### Required work
Return only the lines below starting at the line containing "Nachtfoto van het gebouw" and ending at the line containing "Tufa, Mono Lake & the Sierra Nevada Moun", both included, exactly as they are and with no pictures.

### Data for analysis
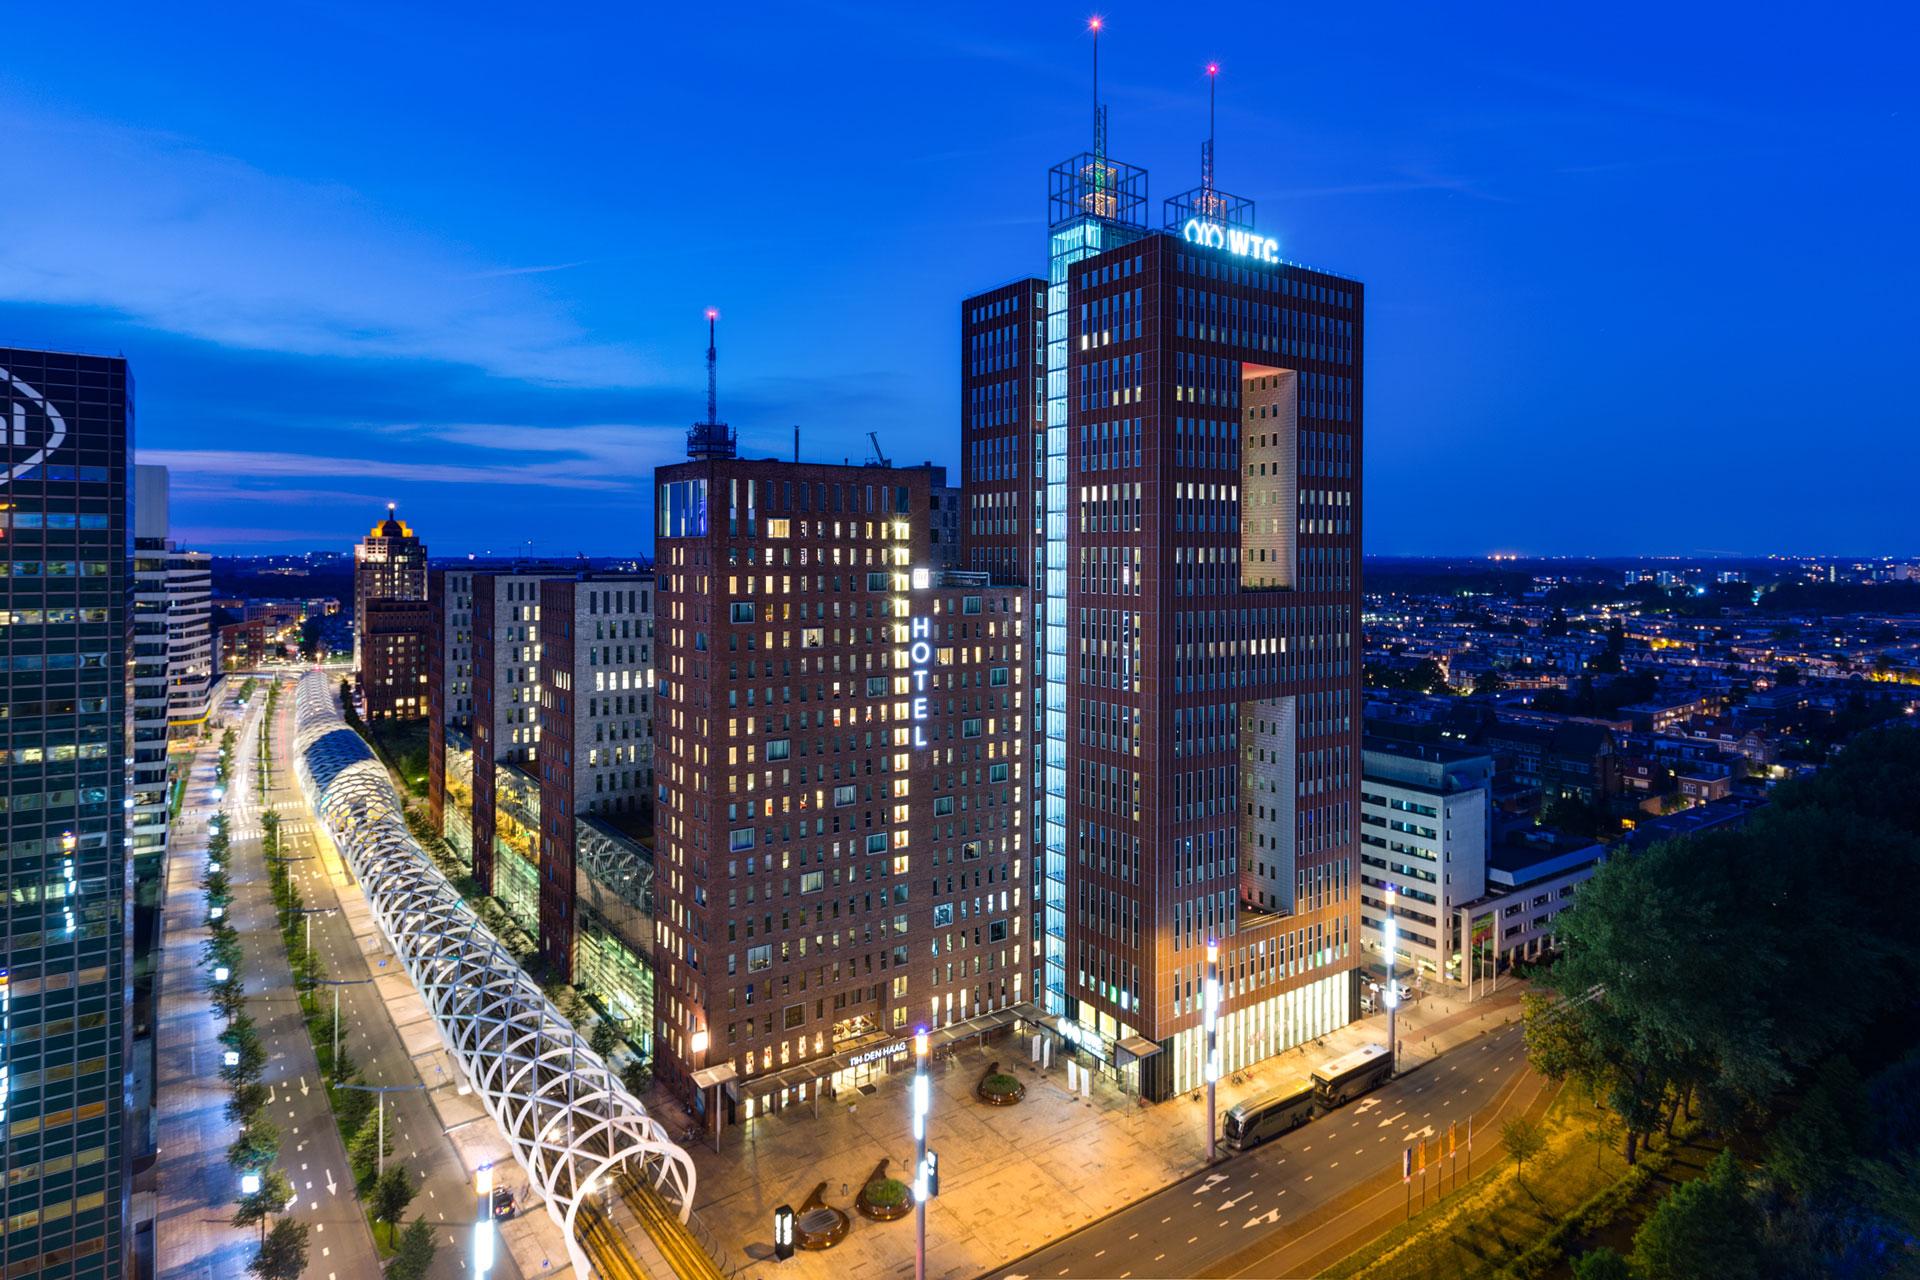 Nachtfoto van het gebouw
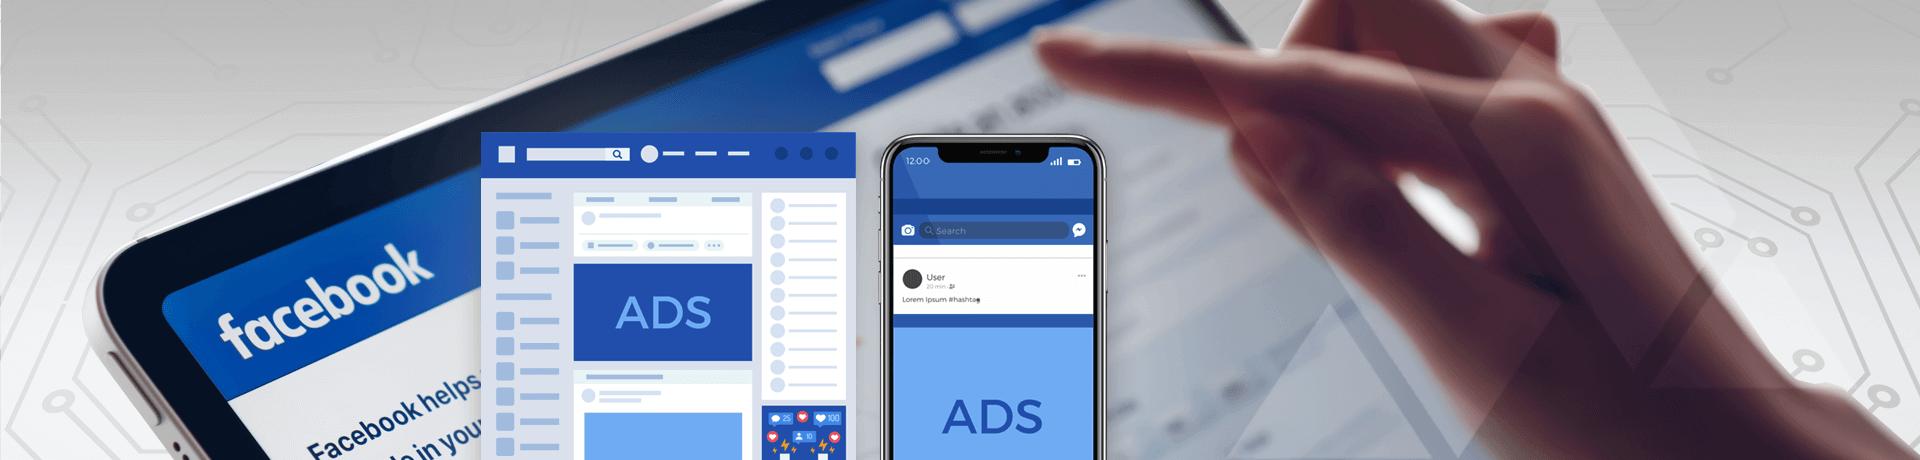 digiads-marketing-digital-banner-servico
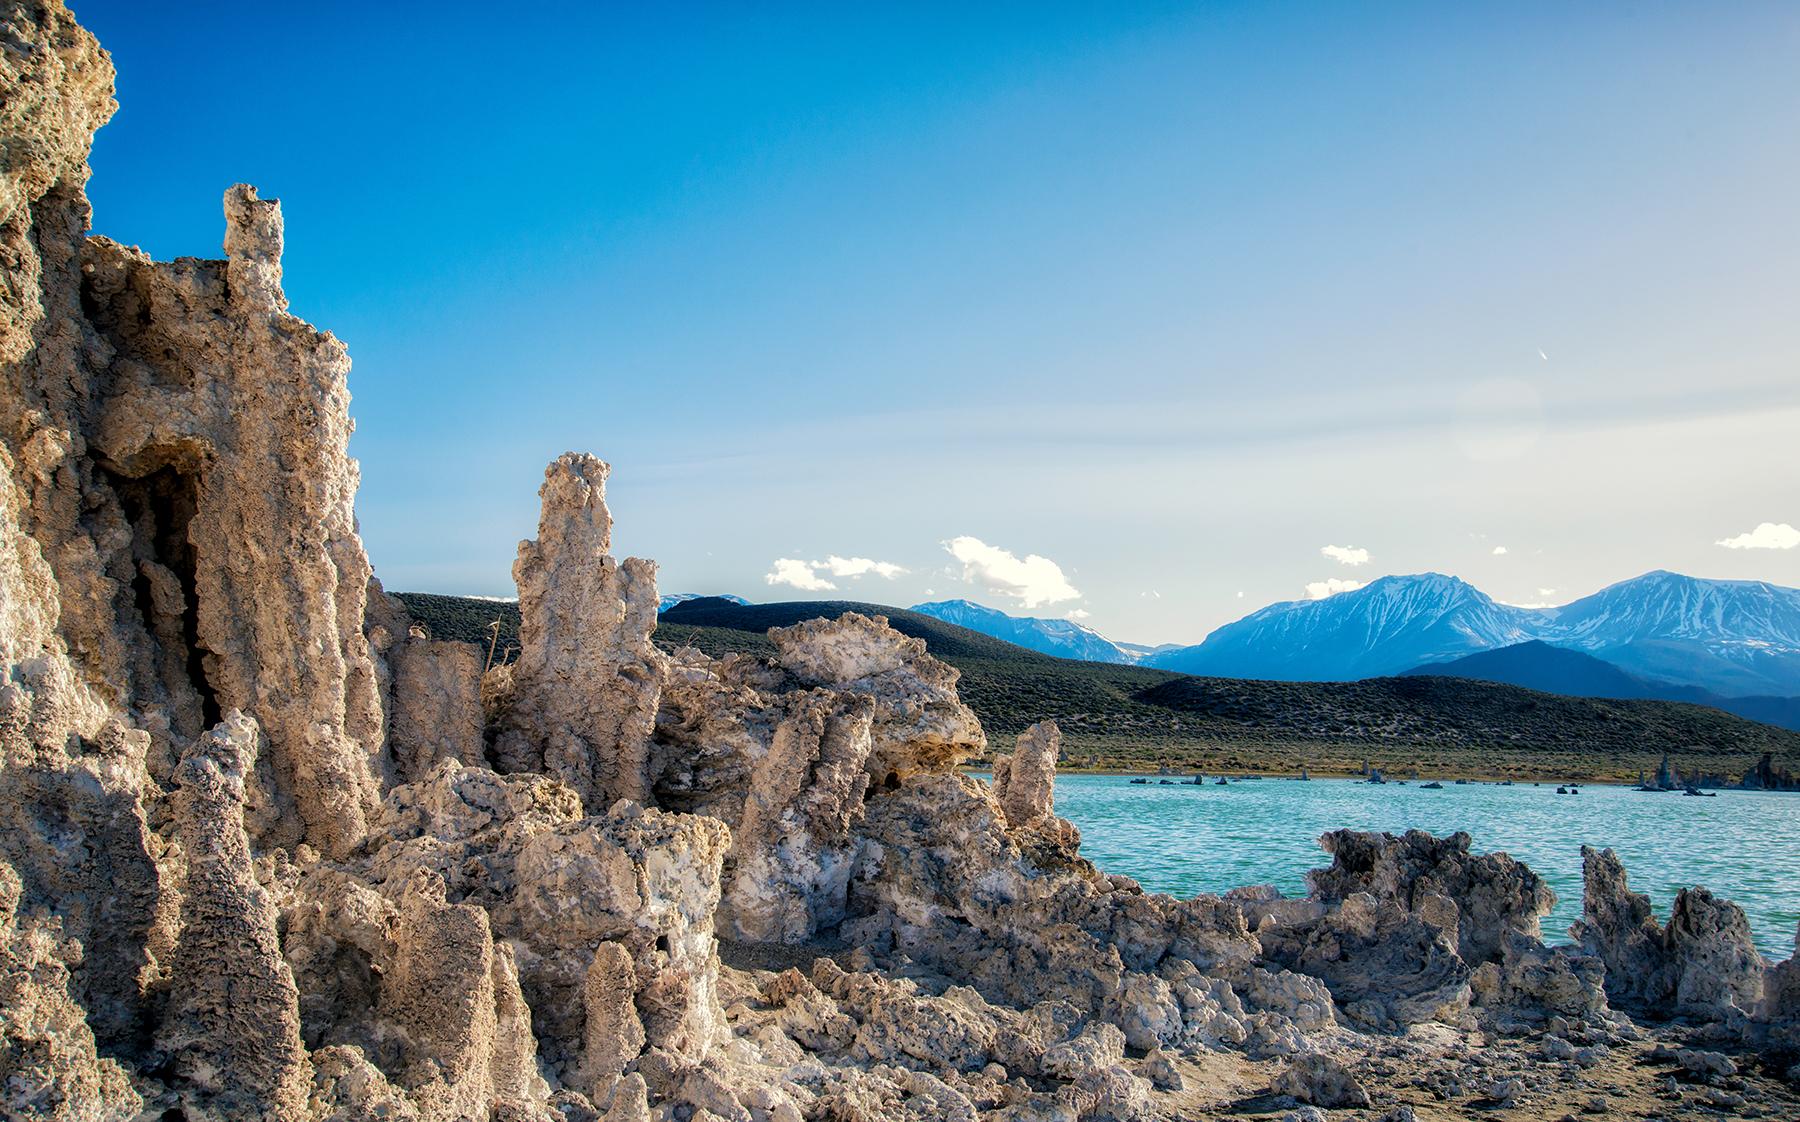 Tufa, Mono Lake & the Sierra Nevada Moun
==
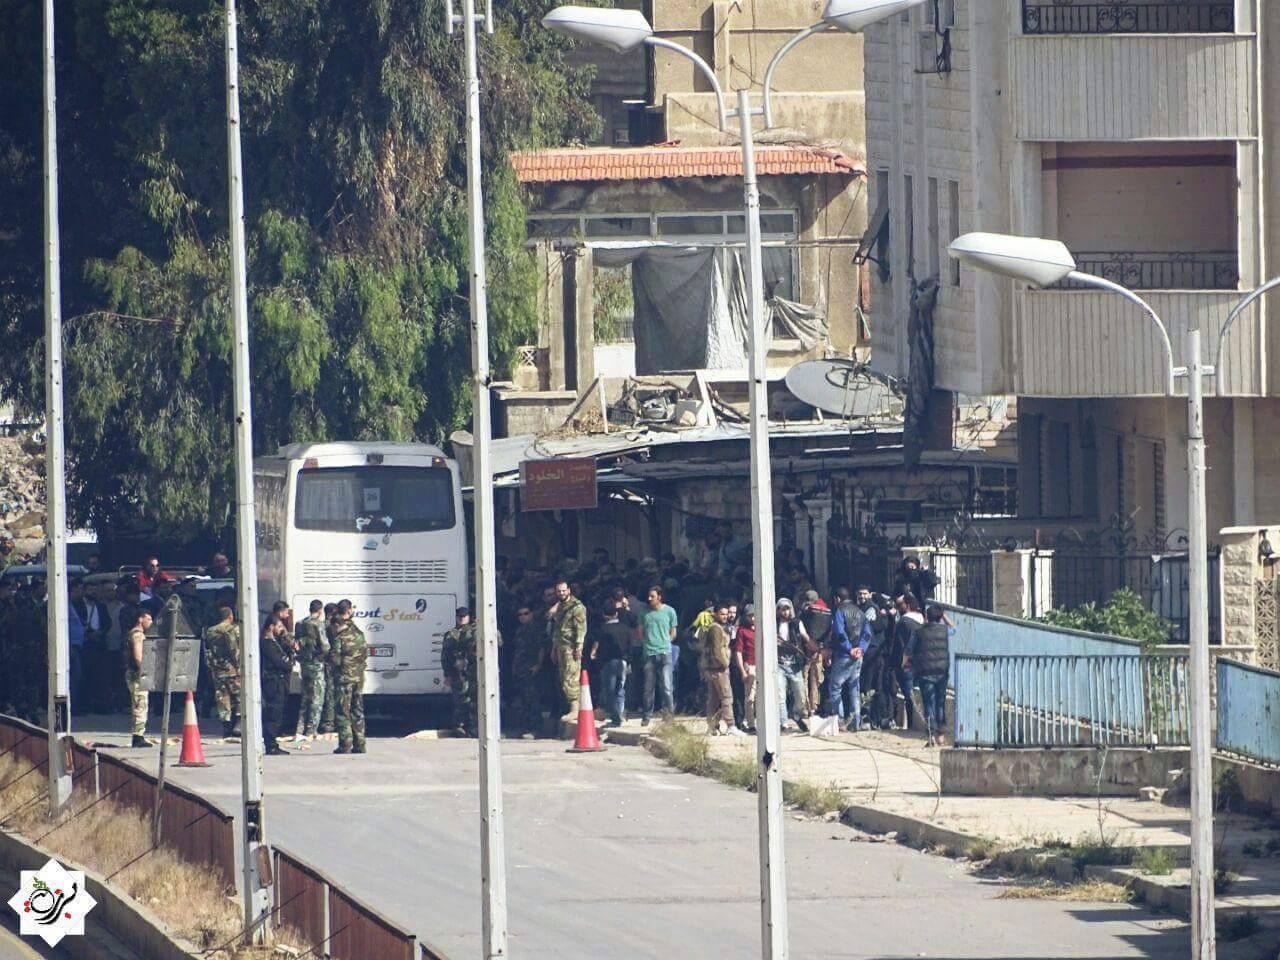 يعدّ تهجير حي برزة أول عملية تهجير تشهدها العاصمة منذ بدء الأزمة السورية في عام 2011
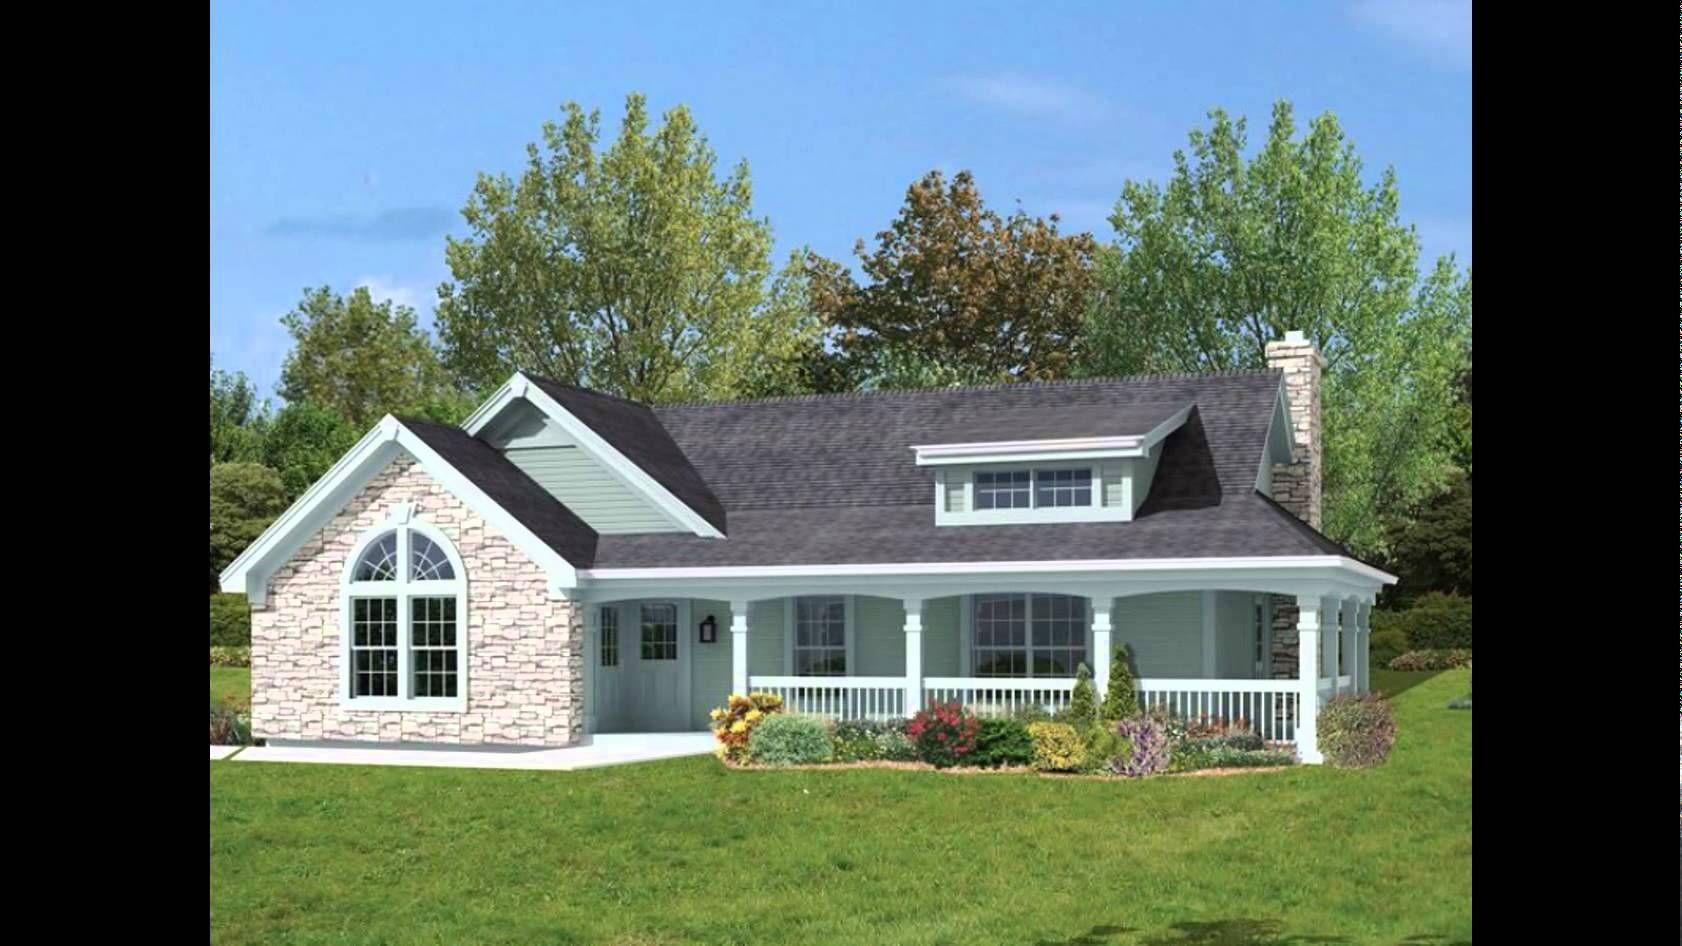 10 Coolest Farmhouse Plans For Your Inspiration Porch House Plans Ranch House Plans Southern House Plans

### Result of the task
 Nachtfoto van het gebouw
 digiads-marketing-digital-banner-servico
 Tufa, Mono Lake & the Sierra Nevada Moun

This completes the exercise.